As such it may be worth looking at a preventative measure or the main cause of the customer frustration as well as aiding your agents to deal with the agressive interaction they are receiving.

Aggressive behavior should never be tolerated towards or received from your agents so I would see no problem with in the mean time telling the agents that if the conversation starts to become unproductive and abusive to end the call.

Hope that helps.

Currently seeking a job

There is a deeper issue, that is leading to rise in abusive callers. It could be a possible down time or no time lines being provided. Absolutely, there must not be any tolerance toward an agent/customer who gets abusive.However, there must be a standard policy so as to also avoid call drops where in the agent gives a positive warning to the customer with select verbiages and in spite of the same if the customer doesnt allow the agent to assist/is abusive, the agent can inform the customer he will need to disconnect

Process Manager

ATH InTouch

In my experience, customers tend to become abusive or threatening if and when they feel that no one is listening to them, or simply if the agent's intellect is not up to par. This really frustrates callers and to manage this, agents simply need to listen. I'm sure there's a call flow process in every call center, as Managers, we need to ensure that our agents follow the call structure i.e welcome => obtain issue => offer solution => offer alternative => offer further assistance => cross-sell/upsell at the right opportunity => farewell. If this is followed correctly, customers will not see the need to call back and there is no frustration. Also, agents should not attempt to talk customers through problems they cannot solve, if you don't know what to do, pass it to someone who does - customers will appreciate this. However, i agree that there are some customers that do not accept 'NO' nor appreciate straight-forward service and will start being abusive or threatening when they don't get their way. I agree that their calls should be terminated, however, at least with a warning issued earlier in the call.



'Treat people as you would lke to be treat yourself' is an adage that I have tried to live by and instilled into my agents in our predominantly B2B telemarketing/CallCentre business for 8 years. In that time I can count on the fingers of one hand the number of bullying/bad language complaints from my agents.

Having said that we were operating in the B2B sector and B2C can be a more challenging sector, however I agree with Sitiveni that customer frustration is usually the factor and perhaps something has changed in your call centre - longer queuing time, less agents, reduction in agent training, agents not listening, script/call flow change, or staff changes (management & agents)- that needs to be taken into account and modified. Have you actually called your own centre from an unknown phone as a customer to see how calls are handled?

Ultimately bullying or abuse should not be tolerated and agents should give the customer a warning to that effect as soon as it starts; if it still continues then the agent should calmly tell the customer that the call is being terminated.




Head of IT and Telecoms

An abusive customer is an opportunity for some rather frank feedback. Rather than cut them off I would have the agent say ...

'Sir, I can see you're quite upset so I'd like to pass you over to one of our senior complaints managers who will look into this for you and see what we can do to put this right'

Passing the call to an agent trained in exception handling can often lead to some interesting insights, customer retention and can even avoid costly legal action in some cases.

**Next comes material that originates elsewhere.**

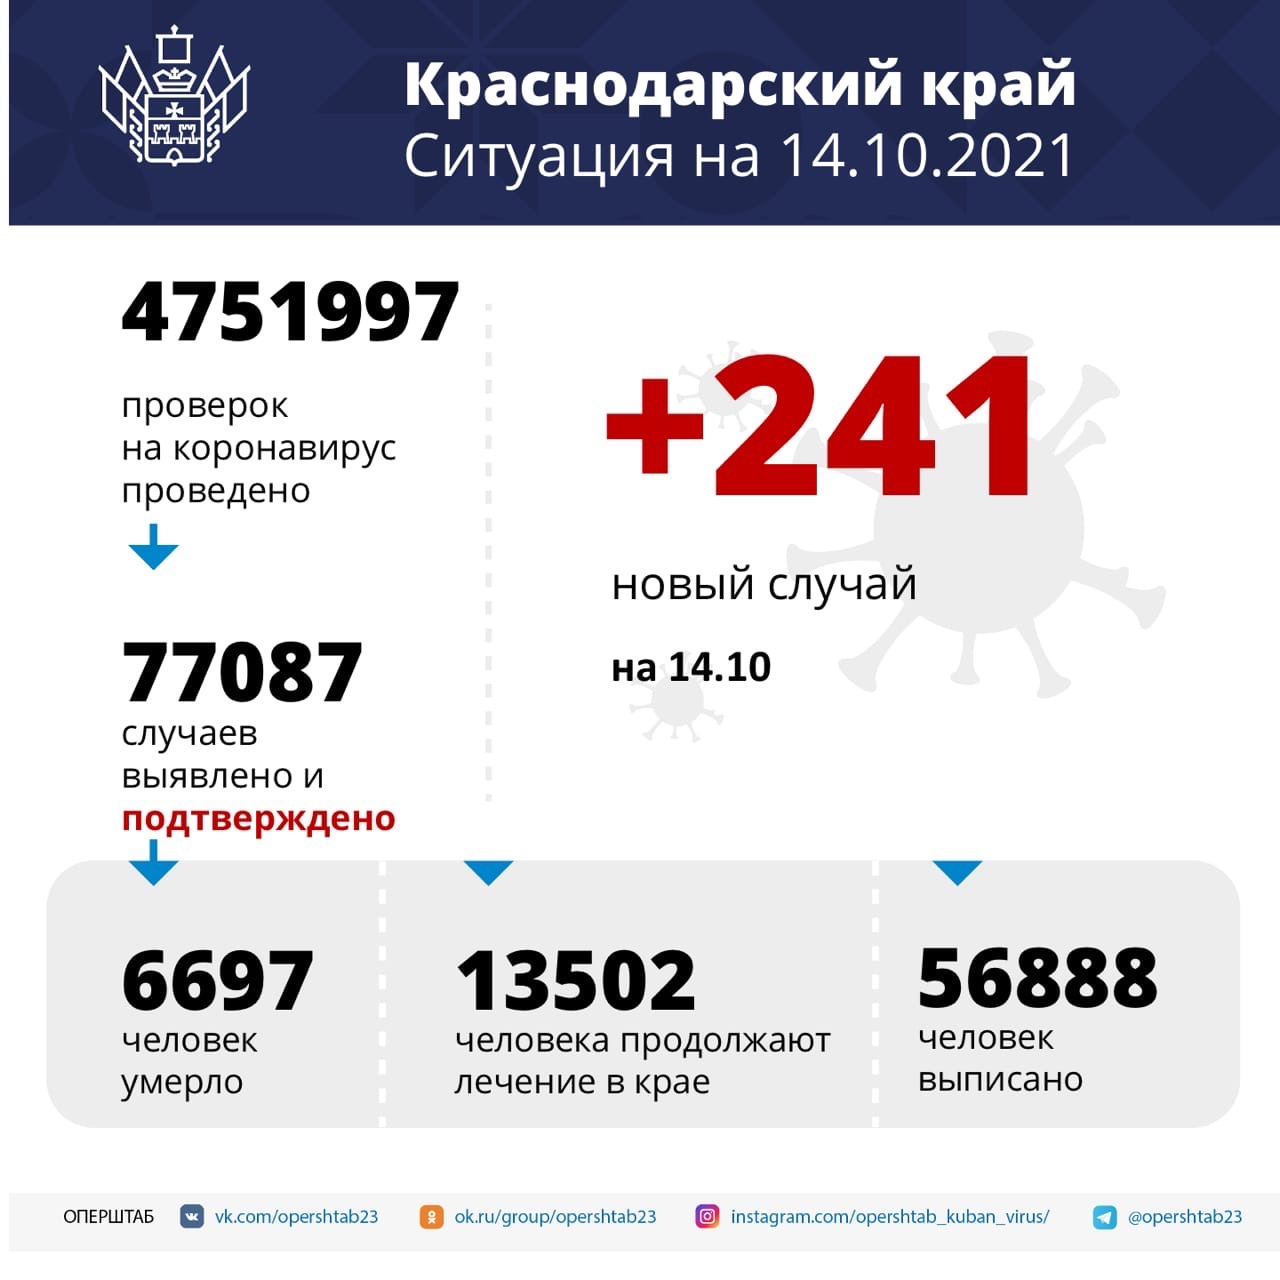 В Краснодарском крае на аппаратах ИВЛ находятся 109...
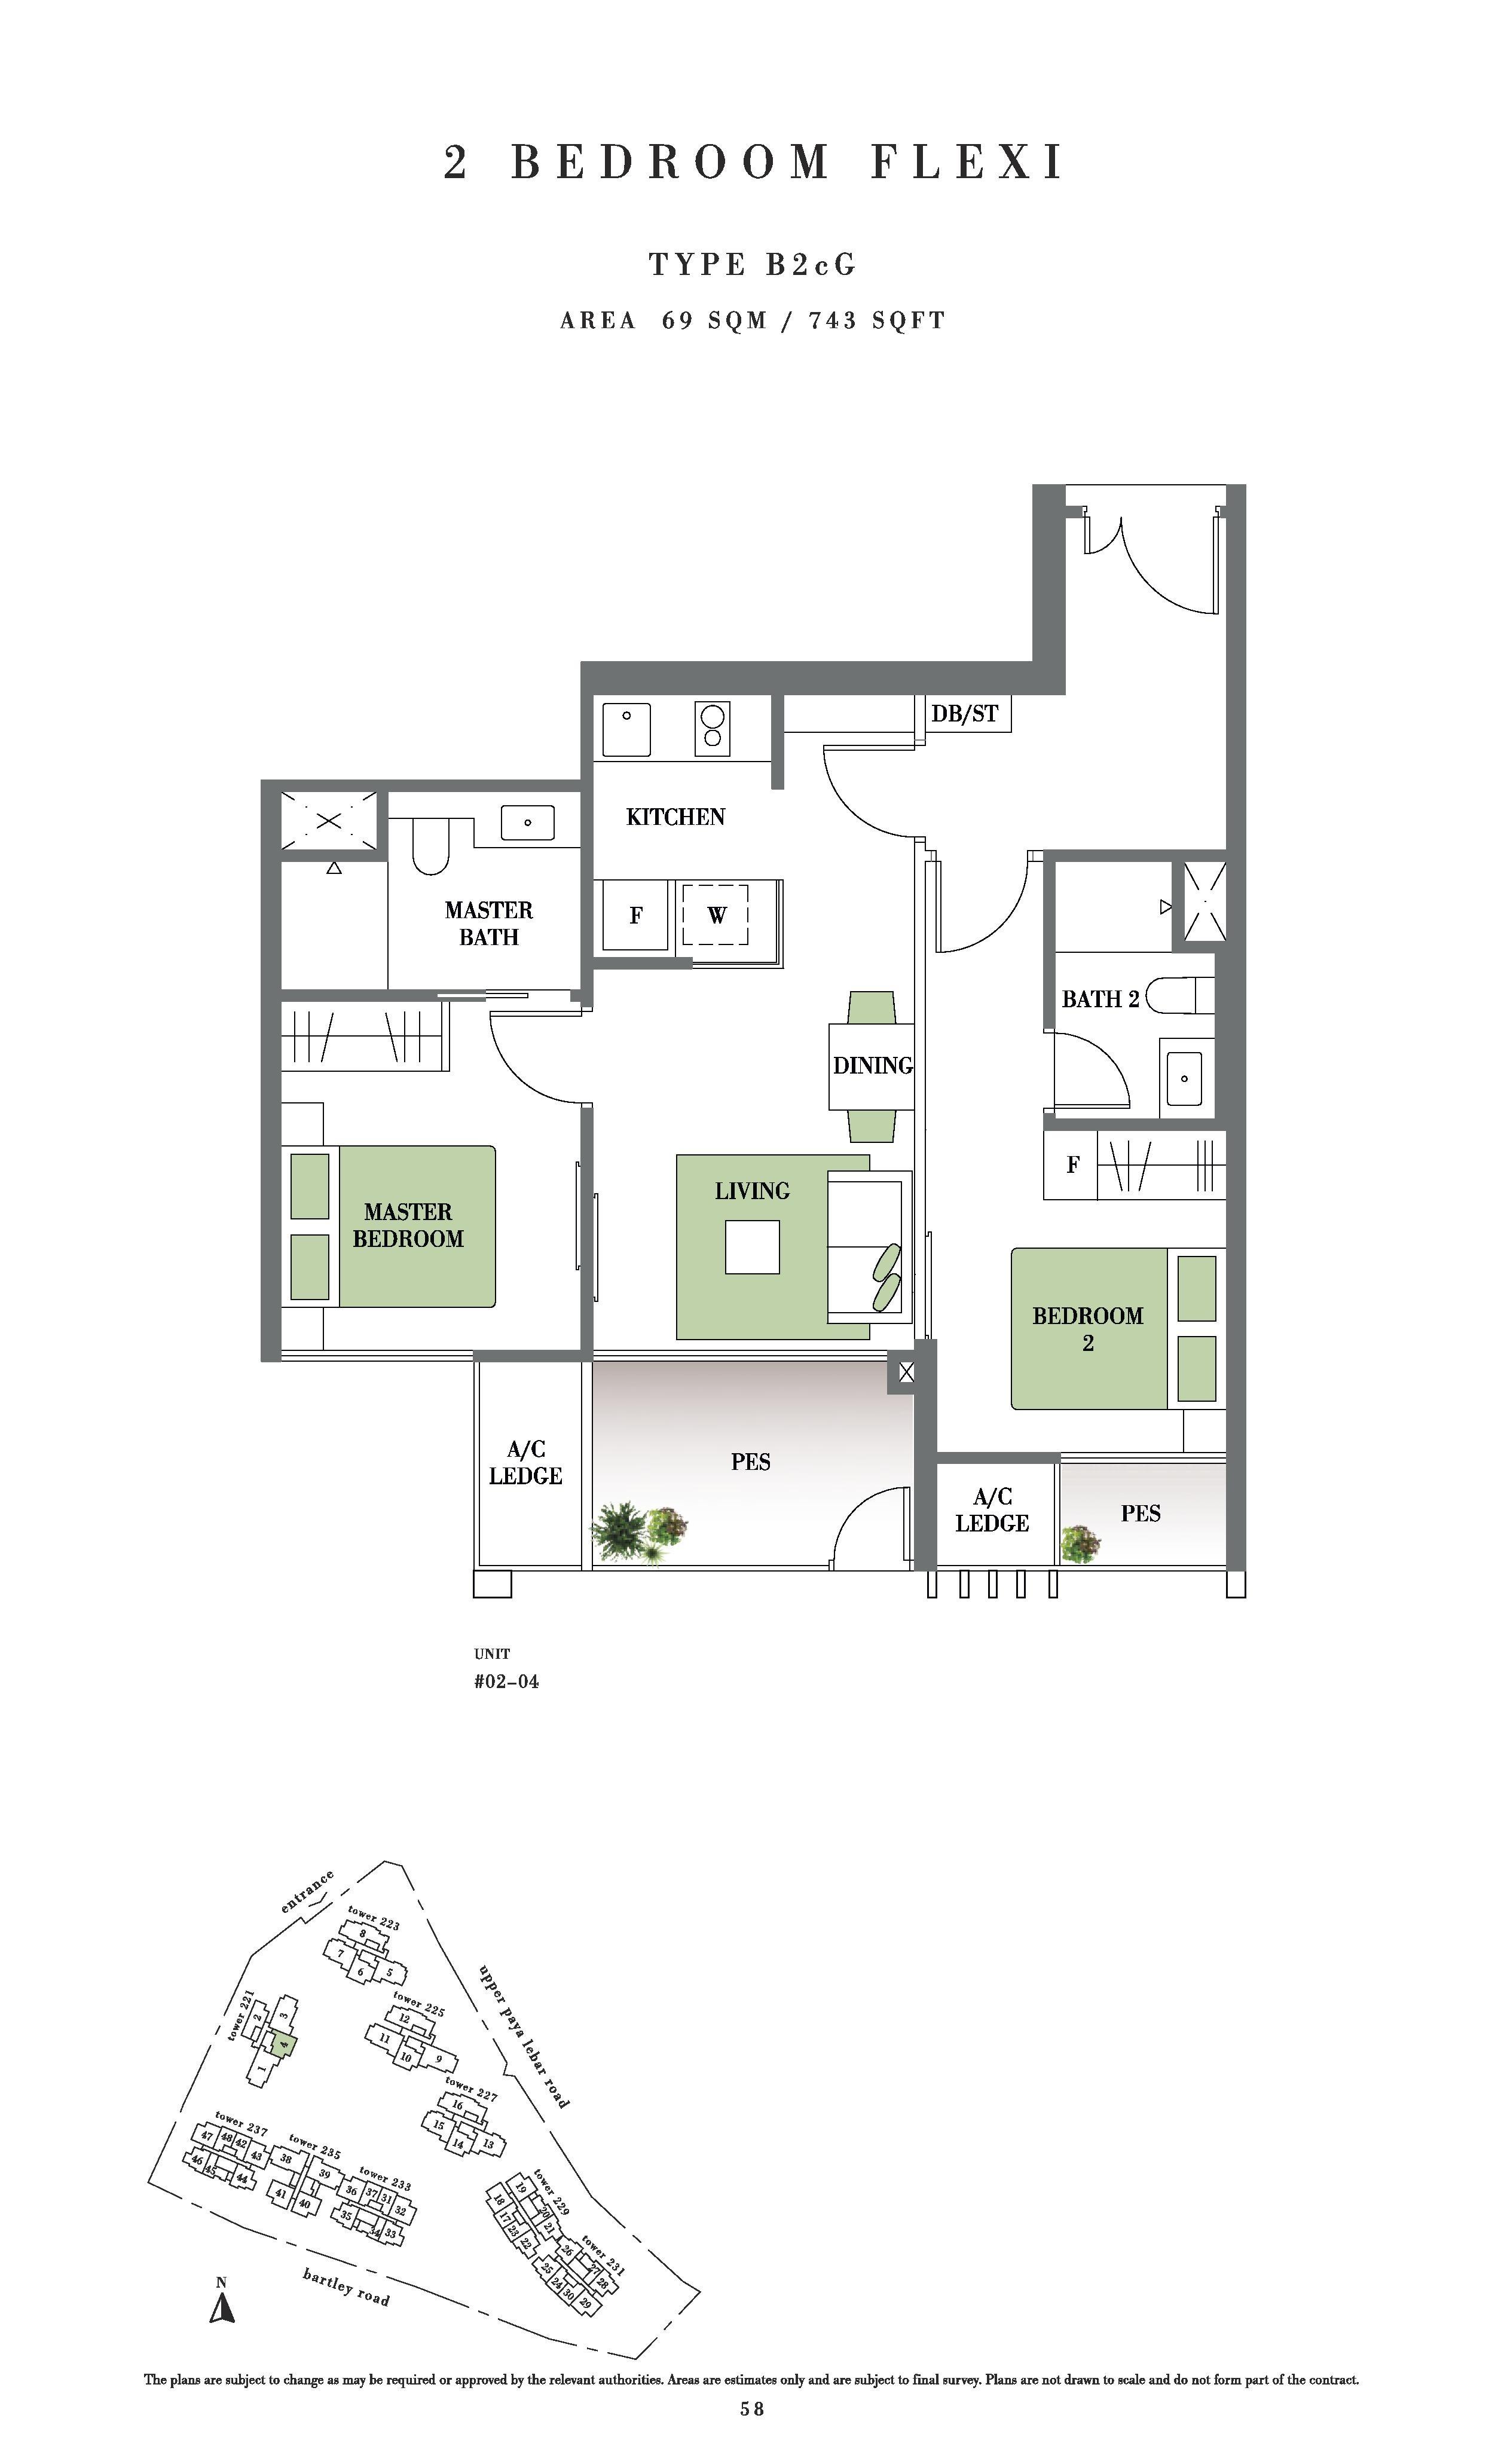 Botanique @ Bartley 2 Bedroom Flexi PES Floor Plans Type B2cG

I remember one abusive screamer who, it eventually turned out, had found his private financial details regarding a juicy mortgage claim had been revealed in error to his wife - whom he was currently divorcing. He worked for an FSA/ICO regulated firm of accountants in London and was not only livid but downright litigatious.

If the agent had have hung up we no doubt would have had a very costly damages case on our hands. As it happens he was placated.

The moral? Never let a frontliner hang up on a screamer! At the very least it should escalate immediately to a TM before it gets out of control, and preferably to senior staff with a good understanding of exceptions handling.